Миссис Чтиво. Он знает, что ему надлежало бы называться этим именем. Он
поклялся стать моим мужем. Он знает, что я умерла из-за любви - я ведь
умерла родами. Оратор. А вы еще всю дорогу убеждали меня, что вы девица!
Синьор Опера.
Человек, пока живой,
Твердо знает:
Избавляет
Смерть от суеты земной,
Разводя с чумой-женой.
Но когда нас ввергнут в ад,
Панч и жена его Джоан, в исполнении артистов шести футов ростом*. Боже,
спаси короля!
Барабанная дробь.
Встречаются Лаклесс и Уитмор; в руках у второго газета.
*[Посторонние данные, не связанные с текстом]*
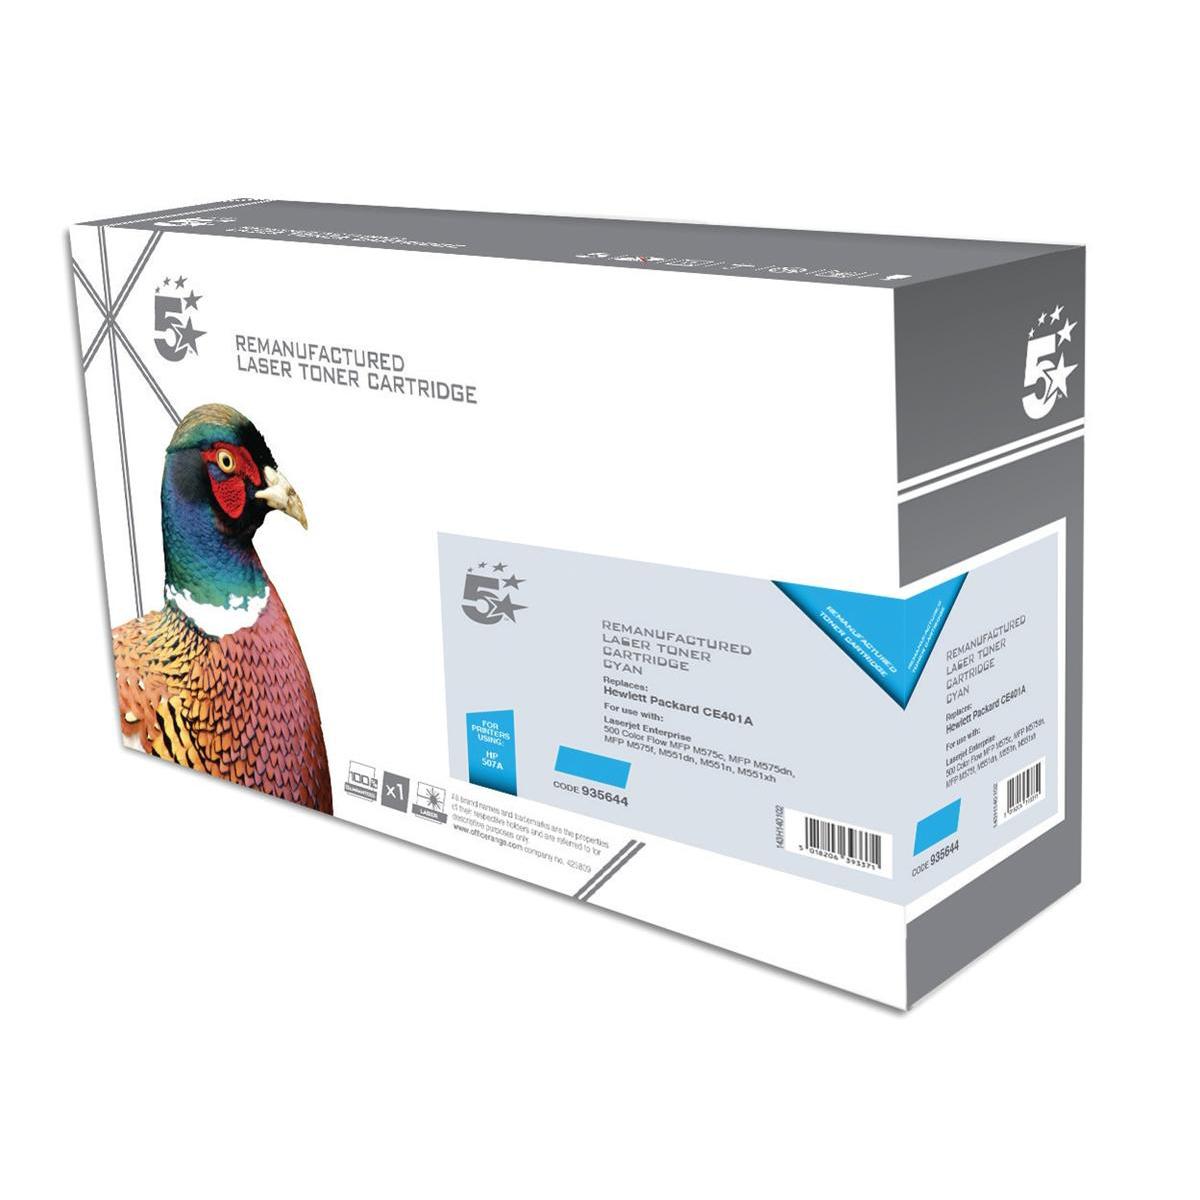 5 Star Office Remanufactured Laser Toner Cartridge 6000pp Cyan [HP 507A CE401A Alternative]

Уитмор. Ба, Лаклесс! Как я рад нашей встрече. А ну-ка, потрудись
заглянуть в этот листок - ручаюсь, ты потеряешь всякую охоту к
сочинительству.
Лаклесс. А что это? Ах, объявление о моем спектакле!
Уитмор. О твоем?
Лаклесс. Ну да. Я воспользовался твоим утренним советом.
Уитмор. О чем ты, я в толк не возьму.
Лаклесс. Так вот. Недавно я отдал эту свою пьесу в один театр, где ее
стали репетировать. Актеры отлично справлялись с ролями, но мы повздорили
из-за пустяков, и я начал подумывать, не забрать ли ее. А когда еще Марплей
отверг мою трагедию, я в сердцах начал переговоры с другим театром, и
сегодня у них играют премьеру.
Уитмор. Что ж, желаю удачи.
Лаклесс. Но куда ты идешь?
Уитмор. Куда угодно, лишь бы не слышать, как тебя освистают! Впрочем,
мне, наверно, следовало бы пойти с тобой, чтобы быть свидетелем твоего
провала.
Лаклесс. Сделай милость, не оставляй меня в этот трудный час. Обещаю
тебе: если меня постигнет неудача, я больше не возьмусь за перо.
Уитмор. На таком условии я согласен. Но если на тебя обрушится
возмущение толпы, я, как человек светский, буду свистать вместе со всеми.
Лаклесс. Нет, так не поступит человек, совершивший нынче утром столь
несветский, столь великодушный поступок!..
Уитмор. Тогда, может, в благодарность ты не станешь напоминать мне об
этом. Итак, я иду в партер.
Лаклесс. А я - за кулисы.
Уитмор уходит.
Лаклесс, Xэрриет.
Лаклесс. Ты, милочка Хэрриет?!
Харриет. Я шла в театр, чтобы разыскать вас. Я напугана до смерти.
Когда я уходила, матушка моя разговаривала перед домом с каким-то странным
человеком, который справлялся о вас. У него такой диковинный вид, что вокруг
собралась толпа. Одежда на нем, какой я отродясь не видывала, а разговор все
про королей, про Бантам* и прочие разные чудеса.
Лаклесс. Кто же это, черт возьми?!
Хэрриет. Небось кто-нибудь из ваших старых знакомых - судебный пристав,
к примеру: вырядился этак, а в кармане, уж будьте покойны, ордер на арест.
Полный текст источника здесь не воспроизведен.